# Company director - Getting car finance?



## stevie5tapes (Aug 13, 2012)

I work with my wifes family, its a small company. Ive recently been made a director and I've gone from being paid a salary to getting my wage topped up by company profits. 

I'm in no rush to buy a new car but i'm thinking of changing cars next year and I will most probably need finance. Now I know that if I want a mortgage then the bank will want to see the company books but does this apply to getting car finance? 

Thanks all in advance for any help. :thumb:


----------



## WP-UK (Apr 24, 2011)

I would imagine if the car finance is a business contract, due to it being secured against the company they would want to see the records. 

I'm not an expert though so hopefully someone will correct if I'm wrong


----------



## stevie5tapes (Aug 13, 2012)

Hi WP, thanks for your reply. Sorry, I should have been a little clearer. I'm looking at personal finance, I only do about 6000 miles a year so its probably not worth getting a business car.

I know with a mortgage, as my wages are dependant on company profit then the mortgage provider would want to see the company books.

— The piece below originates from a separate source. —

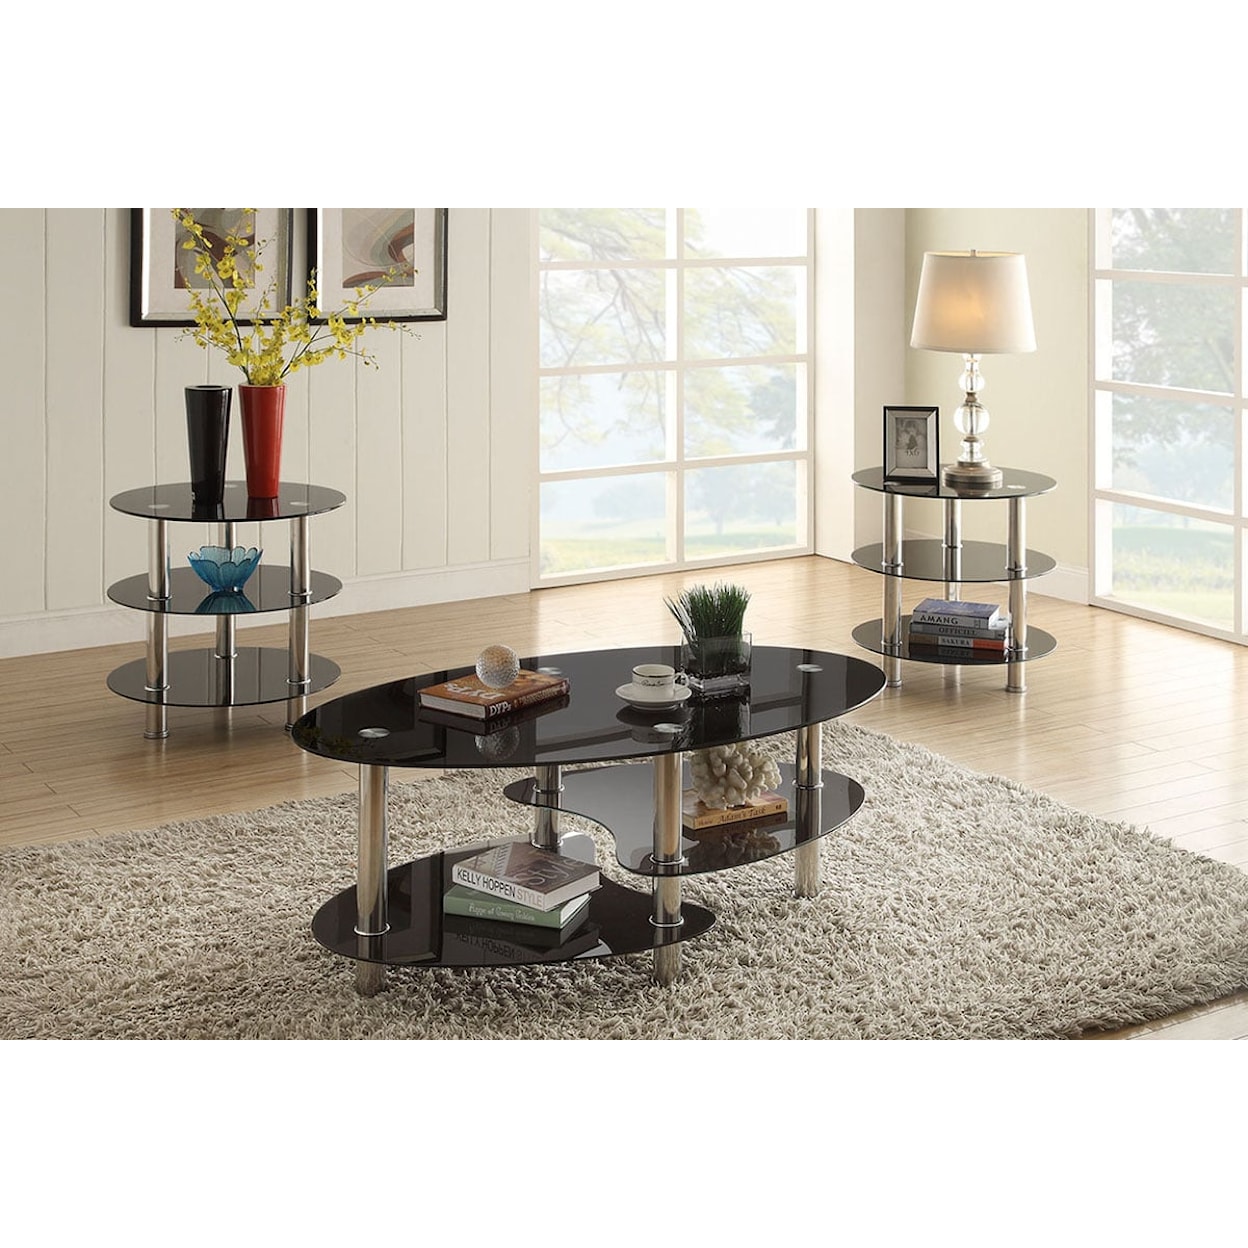 Poundex Occasional Tables BLACK & GLASS 3 PC OCCASIONAL SET |
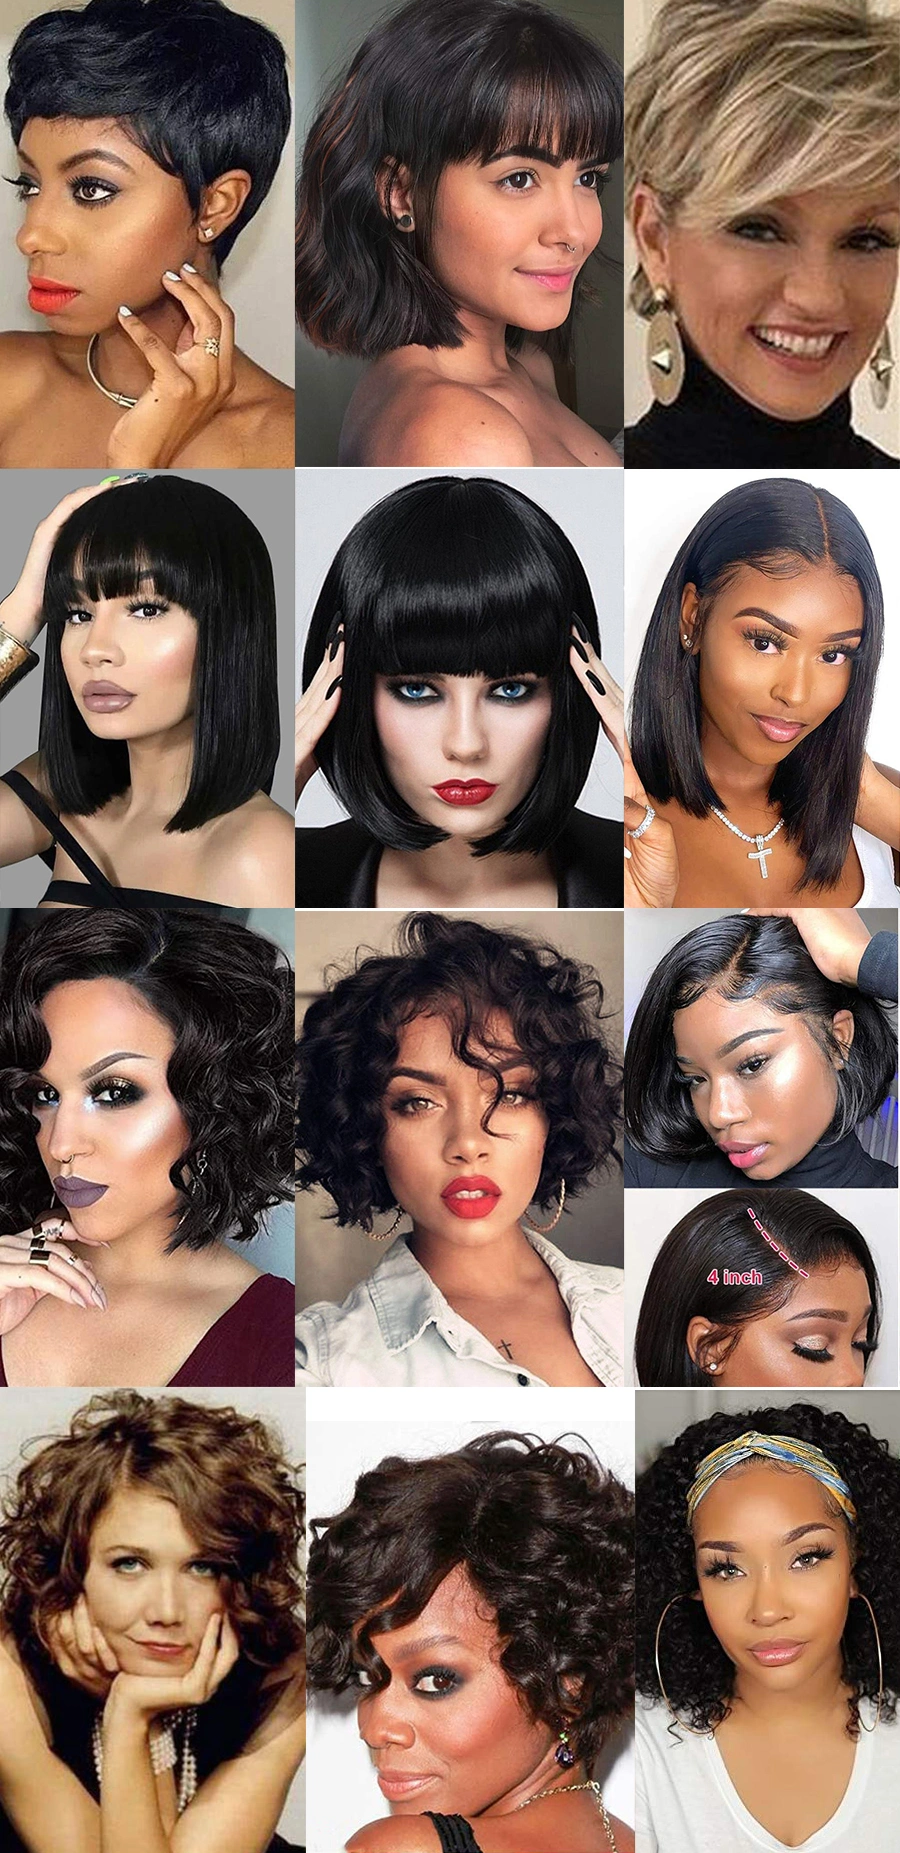 Angelbella Lace Front Human Hair Short Lace Wigs 150 Density Natural Black Brazilian Short Remy Hair Lace Front Wig for Women Human Hair

I just wondered if this is the same for personal car finance?


----------



## WP-UK (Apr 24, 2011)

Ahh sorry I got the wrong message. Being truthful I am not sure as don't have car finance. When I took out finance on my watch they only asked what my estimated earnings were and took my word for it, I can imagine it might be different for a car though due to value and they might want proof of earnings.

Might be worth enquiring with the dealer you are looking at to see what they say. Sorry I can't be much more help


----------



## shl-kelso (Dec 27, 2012)

The new rules for mortgages take into account all of your financial commitments, so any car finance will stack up against you in the affordability tests. This will only be an issue if you need to borrow the maximum earnings multipliers, so if you need to borrow less you may be ok.


----------



## jcp (Oct 2, 2010)

shouldn't be too much of a problem for you aslongas you've got a good credit score
they just do a credit check on you now , no need to show wage slips 
best bet is when your looking to change car is to talk to a few dealers and tell them your position and they'll soon give you a honest answer


----------



## b9rgo1234 (May 3, 2009)

They shouldn't ask for any company finances as you are buying the car as a private individual. They make ask for payslips, but if you have a strong credit rating it shouldn't be an issue.


----------